From e030d0aeb5ebf79cdc4910e79d59e33998de78cd Mon Sep 17 00:00:00 2001
From: Patrick Steinhardt <ps@pks.im>
Date: Sun, 23 Nov 2025 19:59:31 +0100
Subject: [PATCH 07/26] streaming: create structure for in-core object streams

As explained in a preceding commit, we want to get rid of the union of
stream-type specific data in `struct odb_read_stream`. Create a new
structure for in-core object streams to move towards this design.

Signed-off-by: Patrick Steinhardt <ps@pks.im>
Signed-off-by: Junio C Hamano <gitster@pobox.com>
---
 streaming.c | 44 +++++++++++++++++++++++++-------------------
 1 file changed, 25 insertions(+), 19 deletions(-)

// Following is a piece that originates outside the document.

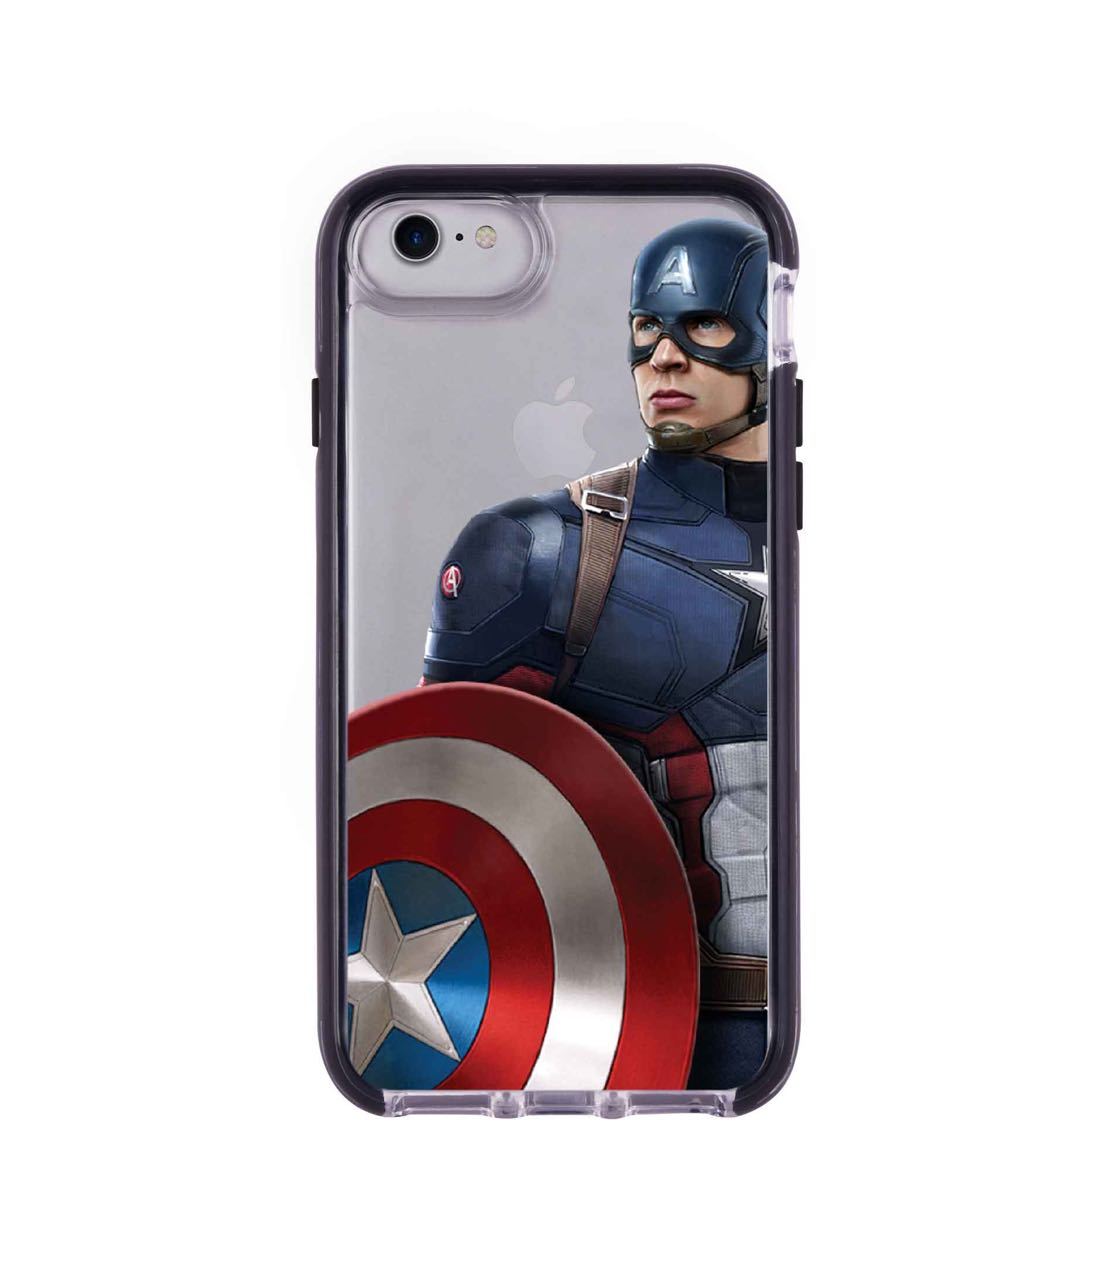 Team Blue Captain - Extreme Phone Case for iPhone 7

diff --git a/streaming.c b/streaming.c
index a2c2d887387c57..35307d72295988 100644
--- a/streaming.c
+++ b/streaming.c
@@ -39,11 +39,6 @@ struct odb_read_stream {
 	enum { z_unused, z_used, z_done, z_error } z_state;
 
 	union {
-		struct {
-			char *buf; /* from odb_read_object_info_extended() */
-			unsigned long read_ptr;
-		} incore;
-
 		struct {
 			void *mapped;
 			unsigned long mapsize;
@@ -401,22 +396,30 @@ static int open_istream_pack_non_delta(struct odb_read_stream **out,
  *
  *****************************************************************/
 
-static int close_istream_incore(struct odb_read_stream *st)
+struct odb_incore_read_stream {
+	struct odb_read_stream base;
+	char *buf; /* from odb_read_object_info_extended() */
+	unsigned long read_ptr;
+};
+
+static int close_istream_incore(struct odb_read_stream *_st)
 {
-	free(st->u.incore.buf);
+	struct odb_incore_read_stream *st = (struct odb_incore_read_stream *)_st;
+	free(st->buf);
 	return 0;
 }
 
-static ssize_t read_istream_incore(struct odb_read_stream *st, char *buf, size_t sz)
+static ssize_t read_istream_incore(struct odb_read_stream *_st, char *buf, size_t sz)
 {
+	struct odb_incore_read_stream *st = (struct odb_incore_read_stream *)_st;
 	size_t read_size = sz;
-	size_t remainder = st->size - st->u.incore.read_ptr;
+	size_t remainder = st->base.size - st->read_ptr;
 
 	if (remainder <= read_size)
 		read_size = remainder;
 	if (read_size) {
-		memcpy(buf, st->u.incore.buf + st->u.incore.read_ptr, read_size);
-		st->u.incore.read_ptr += read_size;
+		memcpy(buf, st->buf + st->read_ptr, read_size);
+		st->read_ptr += read_size;
 	}
 	return read_size;
 }
@@ -426,22 +429,25 @@ static int open_istream_incore(struct odb_read_stream **out,
 			       const struct object_id *oid)
 {
 	struct object_info oi = OBJECT_INFO_INIT;
-	struct odb_read_stream stream = {
-		.close = close_istream_incore,
-		.read = read_istream_incore,
+	struct odb_incore_read_stream stream = {
+		.base.close = close_istream_incore,
+		.base.read = read_istream_incore,
 	};
+	struct odb_incore_read_stream *st;
 	int ret;
 
-	oi.typep = &stream.type;
-	oi.sizep = &stream.size;
-	oi.contentp = (void **)&stream.u.incore.buf;
+	oi.typep = &stream.base.type;
+	oi.sizep = &stream.base.size;
+	oi.contentp = (void **)&stream.buf;
 	ret = odb_read_object_info_extended(r->objects, oid, &oi,
 					    OBJECT_INFO_DIE_IF_CORRUPT);
 	if (ret)
 		return ret;
 
-	CALLOC_ARRAY(*out, 1);
-	**out = stream;
+	CALLOC_ARRAY(st, 1);
+	*st = stream;
+	*out = &st->base;
+
 	return 0;
 }
 

From b7774c0f0de43379c40984b4ede265a512c1a4f0 Mon Sep 17 00:00:00 2001
From: Patrick Steinhardt <ps@pks.im>
Date: Sun, 23 Nov 2025 19:59:32 +0100
Subject: [PATCH 08/26] streaming: create structure for loose object streams

As explained in a preceding commit, we want to get rid of the union of
stream-type specific data in `struct odb_read_stream`. Create a new
structure for loose object streams to move towards this design.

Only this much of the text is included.